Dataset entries
########################################
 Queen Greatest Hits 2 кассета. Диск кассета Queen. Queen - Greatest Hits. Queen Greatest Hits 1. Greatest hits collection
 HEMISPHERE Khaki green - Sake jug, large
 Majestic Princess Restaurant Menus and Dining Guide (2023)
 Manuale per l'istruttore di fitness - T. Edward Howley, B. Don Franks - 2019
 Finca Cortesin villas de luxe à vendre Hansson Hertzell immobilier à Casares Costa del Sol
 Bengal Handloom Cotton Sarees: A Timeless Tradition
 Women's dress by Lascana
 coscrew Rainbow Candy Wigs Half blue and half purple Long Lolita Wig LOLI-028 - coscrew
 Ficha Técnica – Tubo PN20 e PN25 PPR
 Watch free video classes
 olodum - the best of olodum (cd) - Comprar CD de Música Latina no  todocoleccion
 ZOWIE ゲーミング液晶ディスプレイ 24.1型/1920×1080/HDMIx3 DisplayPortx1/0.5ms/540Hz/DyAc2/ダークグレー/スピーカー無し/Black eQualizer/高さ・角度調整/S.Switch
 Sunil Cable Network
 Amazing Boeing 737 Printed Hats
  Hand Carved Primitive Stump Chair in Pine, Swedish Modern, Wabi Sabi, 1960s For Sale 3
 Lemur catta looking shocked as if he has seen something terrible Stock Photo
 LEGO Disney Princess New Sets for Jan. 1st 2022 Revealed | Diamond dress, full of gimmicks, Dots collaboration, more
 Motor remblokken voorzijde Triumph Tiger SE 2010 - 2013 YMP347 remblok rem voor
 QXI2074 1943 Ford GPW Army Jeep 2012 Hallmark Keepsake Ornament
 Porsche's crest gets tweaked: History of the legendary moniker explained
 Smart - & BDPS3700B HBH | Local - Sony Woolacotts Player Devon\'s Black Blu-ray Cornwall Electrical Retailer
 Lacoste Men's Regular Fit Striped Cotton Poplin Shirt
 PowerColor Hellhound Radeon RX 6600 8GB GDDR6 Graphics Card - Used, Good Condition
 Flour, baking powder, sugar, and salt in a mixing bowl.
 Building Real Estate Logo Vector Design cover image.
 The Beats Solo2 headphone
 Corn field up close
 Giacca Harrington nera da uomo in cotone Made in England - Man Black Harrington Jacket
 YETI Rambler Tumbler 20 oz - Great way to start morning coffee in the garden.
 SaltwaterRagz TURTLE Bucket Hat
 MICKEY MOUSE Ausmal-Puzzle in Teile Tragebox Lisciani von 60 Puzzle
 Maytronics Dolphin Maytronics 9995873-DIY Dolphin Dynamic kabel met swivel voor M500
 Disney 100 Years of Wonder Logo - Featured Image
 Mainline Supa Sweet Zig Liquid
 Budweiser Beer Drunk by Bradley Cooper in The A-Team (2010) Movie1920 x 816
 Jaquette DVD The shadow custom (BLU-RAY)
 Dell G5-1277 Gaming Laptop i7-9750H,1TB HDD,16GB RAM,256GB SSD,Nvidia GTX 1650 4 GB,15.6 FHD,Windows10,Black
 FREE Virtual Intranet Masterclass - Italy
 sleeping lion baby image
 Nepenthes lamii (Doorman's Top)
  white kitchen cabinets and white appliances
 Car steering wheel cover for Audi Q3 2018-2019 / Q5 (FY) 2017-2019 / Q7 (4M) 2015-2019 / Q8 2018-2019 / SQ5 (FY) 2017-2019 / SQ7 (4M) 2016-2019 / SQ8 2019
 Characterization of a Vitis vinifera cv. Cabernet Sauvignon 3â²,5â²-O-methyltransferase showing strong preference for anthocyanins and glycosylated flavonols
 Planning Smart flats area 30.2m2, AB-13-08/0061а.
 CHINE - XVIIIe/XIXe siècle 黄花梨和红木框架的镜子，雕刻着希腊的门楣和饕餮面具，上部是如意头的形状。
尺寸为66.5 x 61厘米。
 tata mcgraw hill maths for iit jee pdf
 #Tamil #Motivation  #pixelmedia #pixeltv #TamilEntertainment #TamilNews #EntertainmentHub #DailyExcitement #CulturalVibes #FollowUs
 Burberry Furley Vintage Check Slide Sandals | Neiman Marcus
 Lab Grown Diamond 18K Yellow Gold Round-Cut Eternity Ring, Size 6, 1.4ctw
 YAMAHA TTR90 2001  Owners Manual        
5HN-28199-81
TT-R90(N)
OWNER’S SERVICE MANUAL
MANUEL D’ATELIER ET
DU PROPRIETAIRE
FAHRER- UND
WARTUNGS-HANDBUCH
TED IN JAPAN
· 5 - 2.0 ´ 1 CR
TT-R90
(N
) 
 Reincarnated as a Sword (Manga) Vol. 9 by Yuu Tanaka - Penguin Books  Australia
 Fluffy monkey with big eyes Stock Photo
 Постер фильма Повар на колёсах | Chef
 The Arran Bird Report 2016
########################################
> [WHAT THE TASK ASKS]: Where a line in the records above contains the string "Logo", return that line.

> [RESPONSE TO THIS EXERCISE]:
 Building Real Estate Logo Vector Design cover image.
 Disney 100 Years of Wonder Logo - Featured Image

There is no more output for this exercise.